2. ‘I am a man, therefore I have a right—

(1) To an acre of land as my own.

(2) To demand that there shall be no such thing as private property to defraud and injure me.'

Examine these claims. Is there any foundation for

them?

3. The State is always a part-owner of land, a partner with the proprietor.' What reasons are given for this popular assertion? Estimate their value.

4. The workmen in a mine strike because the owner refuses to dismiss a non-unionist miner. How far are they justified by their own interests and those of the country generally ?

5. The owner then shuts up the mine altogether. How far has he a right thus to close one of the sources of England's wealth?

6. Trace the effects of competition and the good it effects for the working classes and for consumers.

7. Give and explain the two meanings of the word Value, as expressing—

(1) That which constitutes the essence and the strength of the demand for commodities.

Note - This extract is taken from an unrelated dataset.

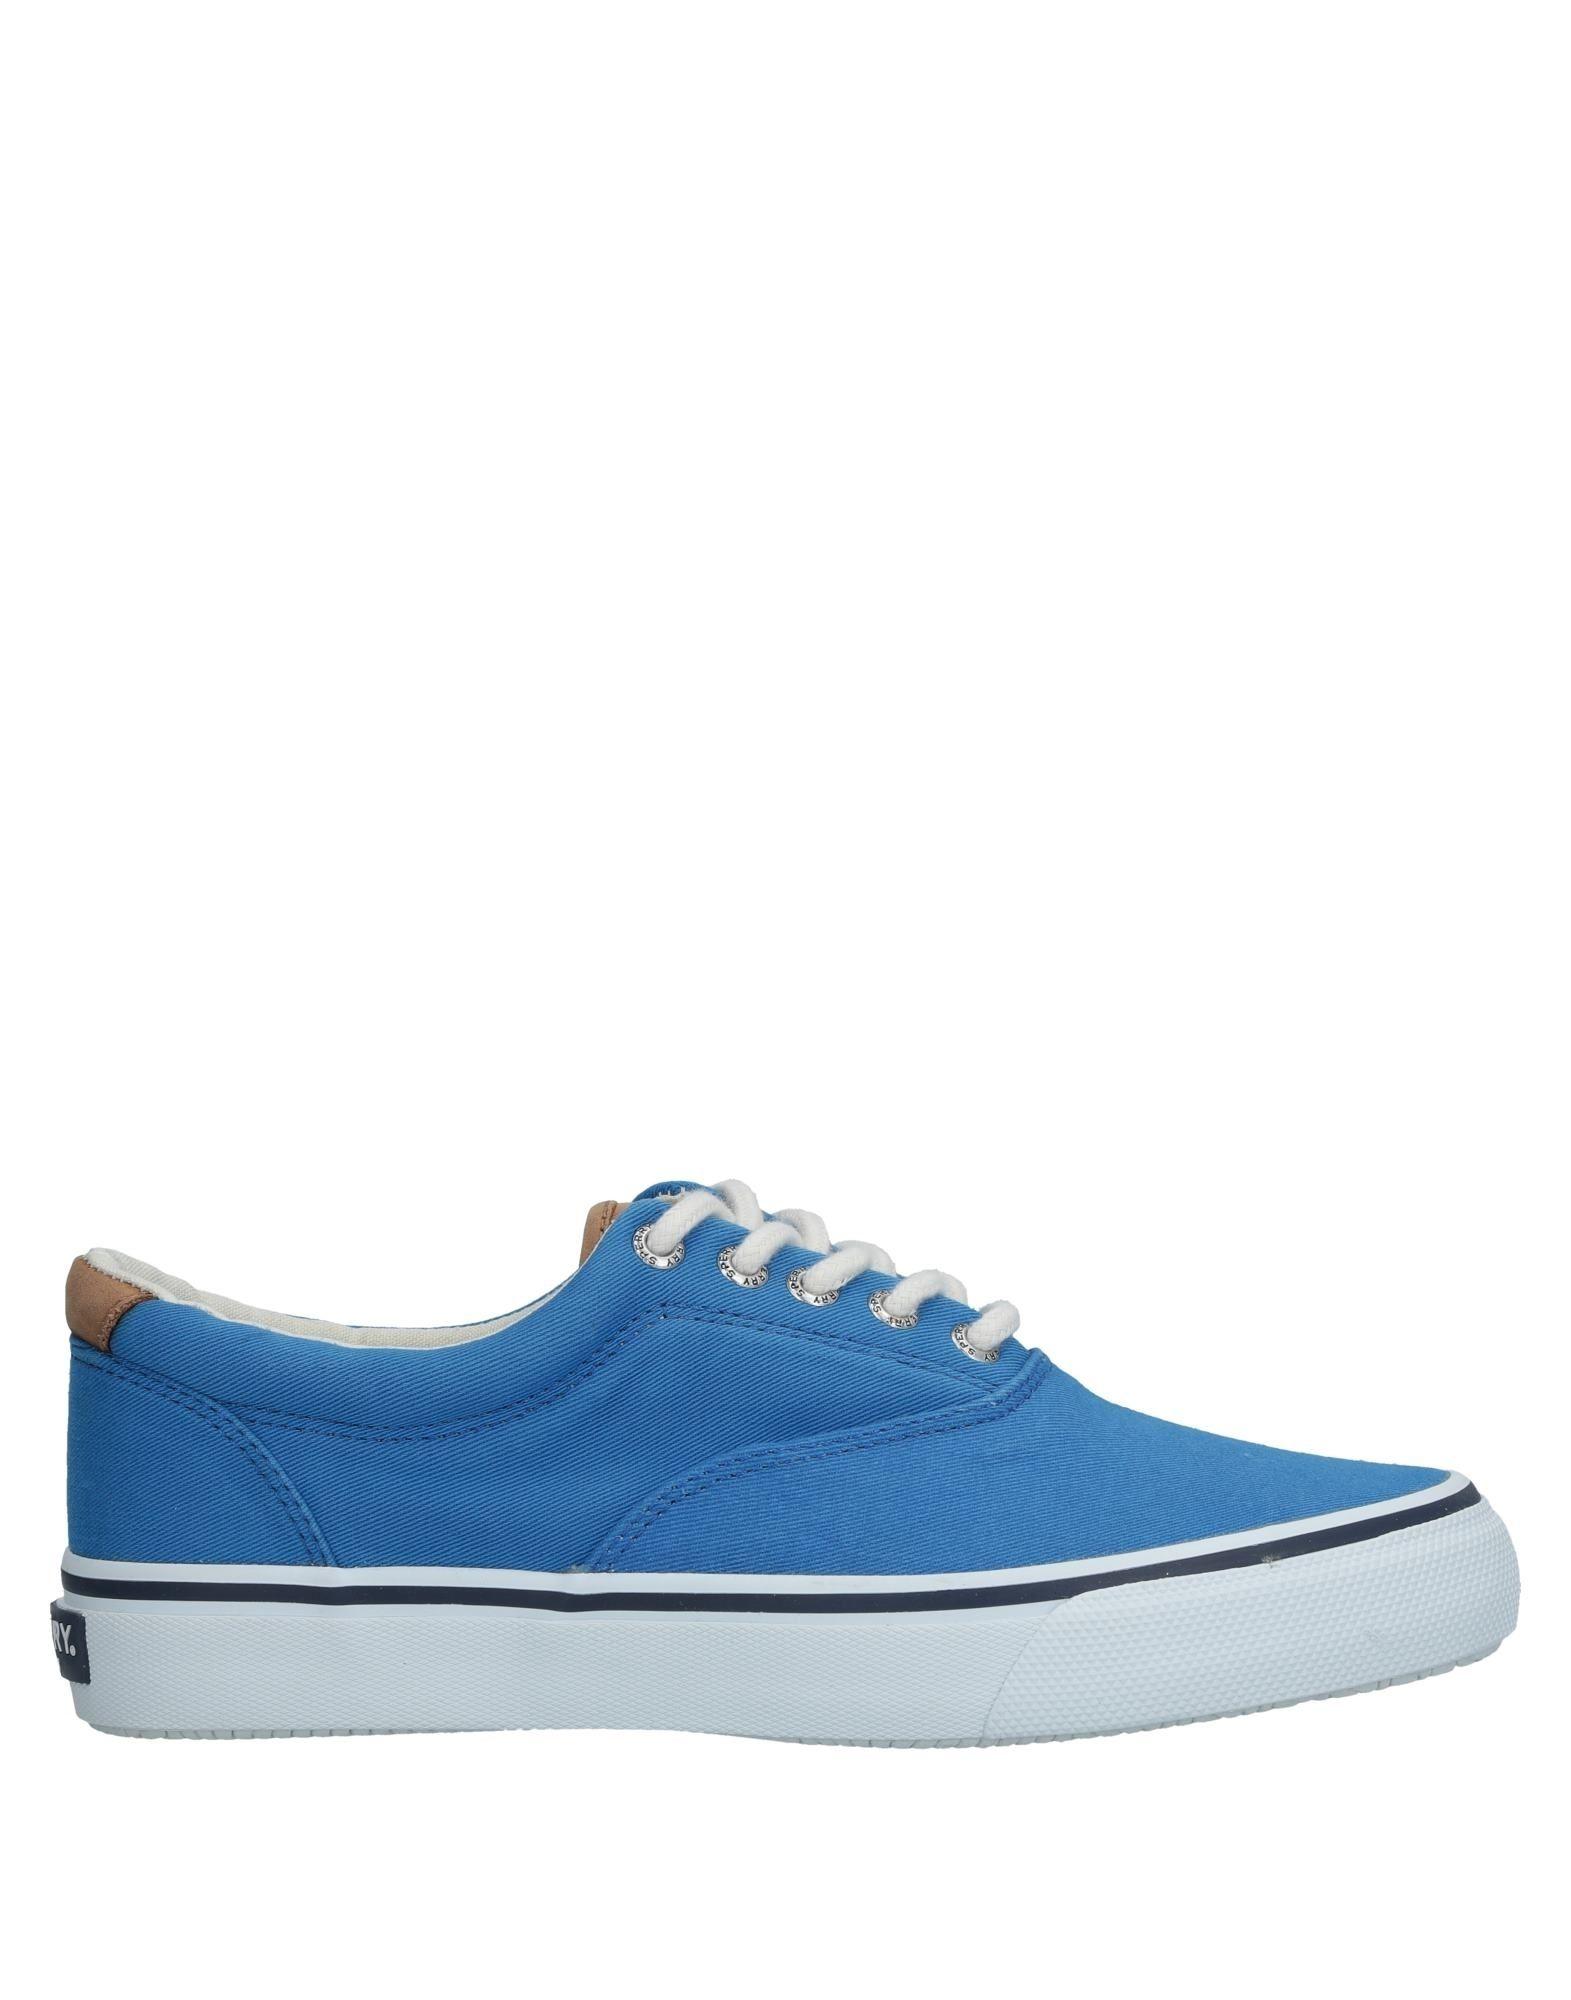 Scarpe economiche e resistenti Sneakers Sperry Uomo Uomo Sperry - 11524922IP 660803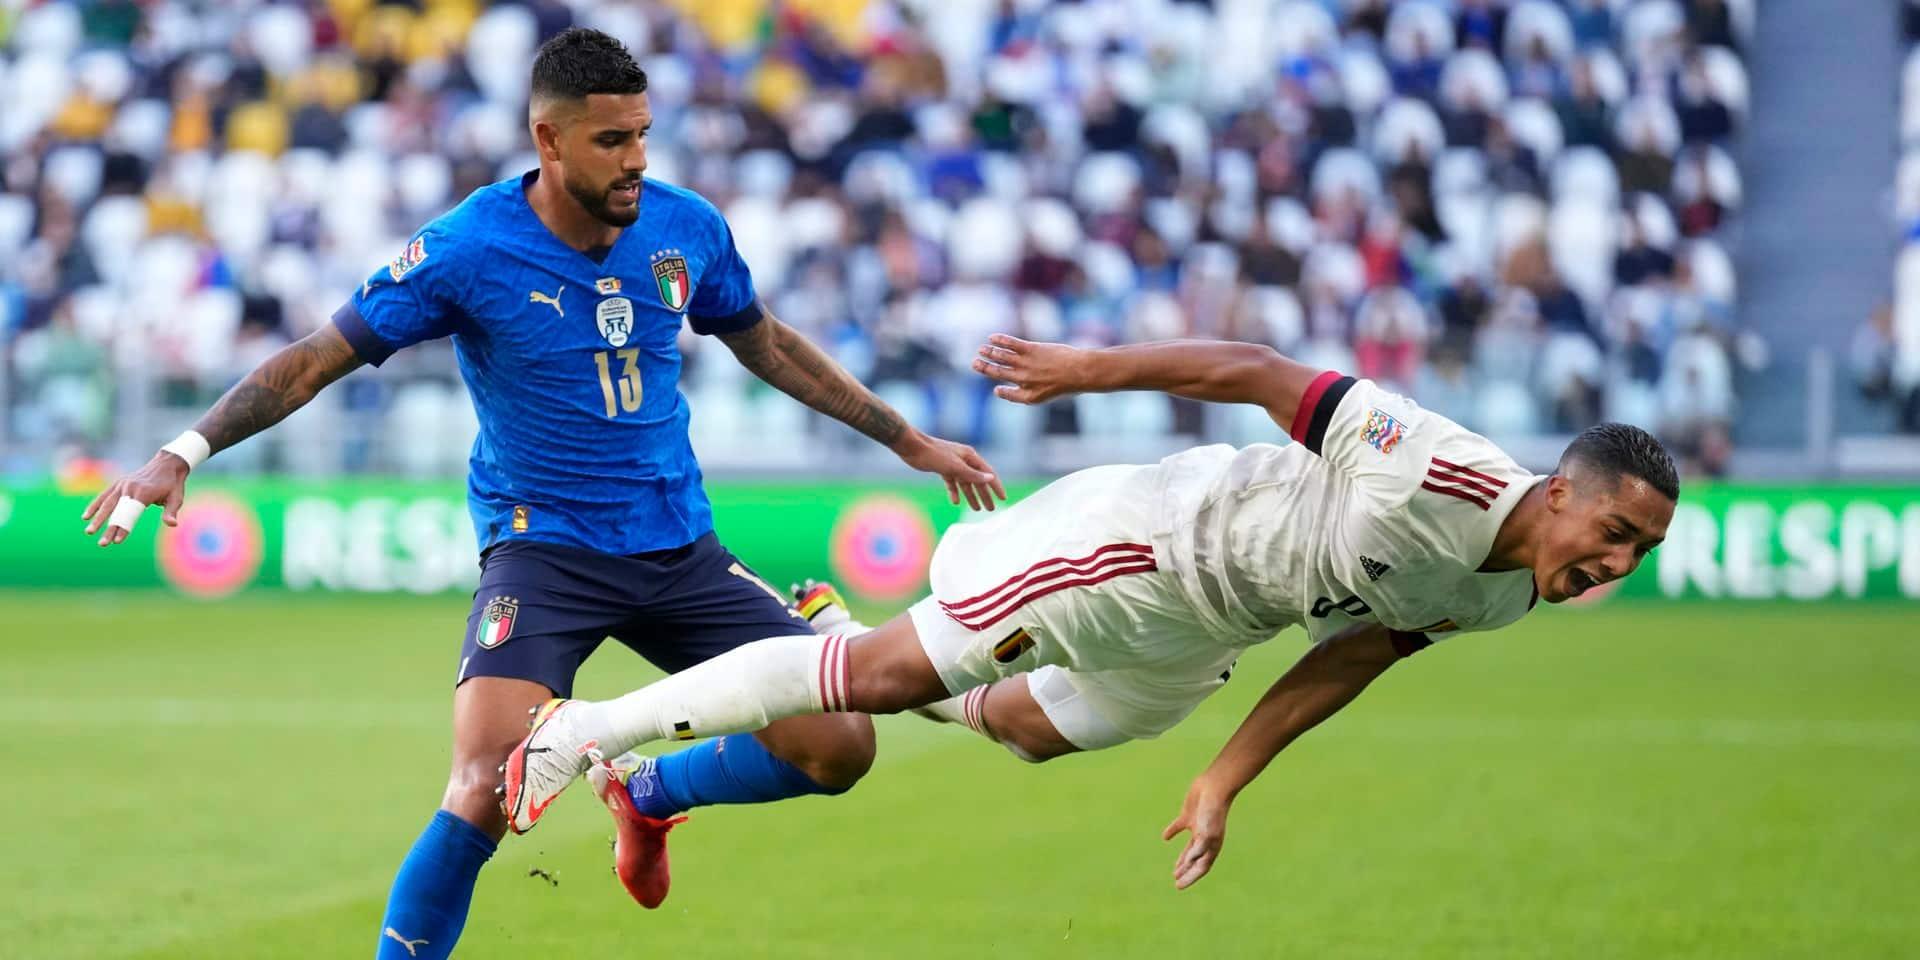 Deux défaites de rang, une première depuis 2016 pour les Belges: le match Italie - Belgique en questions

(2) The sense usually given to the word in Political Economy.

[Turn over.

8. France puts protective duties on English cotton; upon which English cotton-spinners in the name of reciprocity demand a similar duty upon French silks. What good will such reciprocity do for them or for England? Explain what reciprocity really means and does.

9. Explain the nature of co-operative stores, their economical effects and their probable action in the future on shopkeepers and other middle-men.

10. Does Mr. Fawcett make a complete statement when he says that wages depend upon the ratio between capital and population? Will wages be always the same when the quantity of capital and the number of the population are in the same proportion?

[T. T. 1879.]

SECOND PUBLIC EXAMINATION.

Pass School. Group B.

Political Economy. II.

1. What is the general over-production described by Mr. Fawcett? How far and under what conditions is over-production ever possible?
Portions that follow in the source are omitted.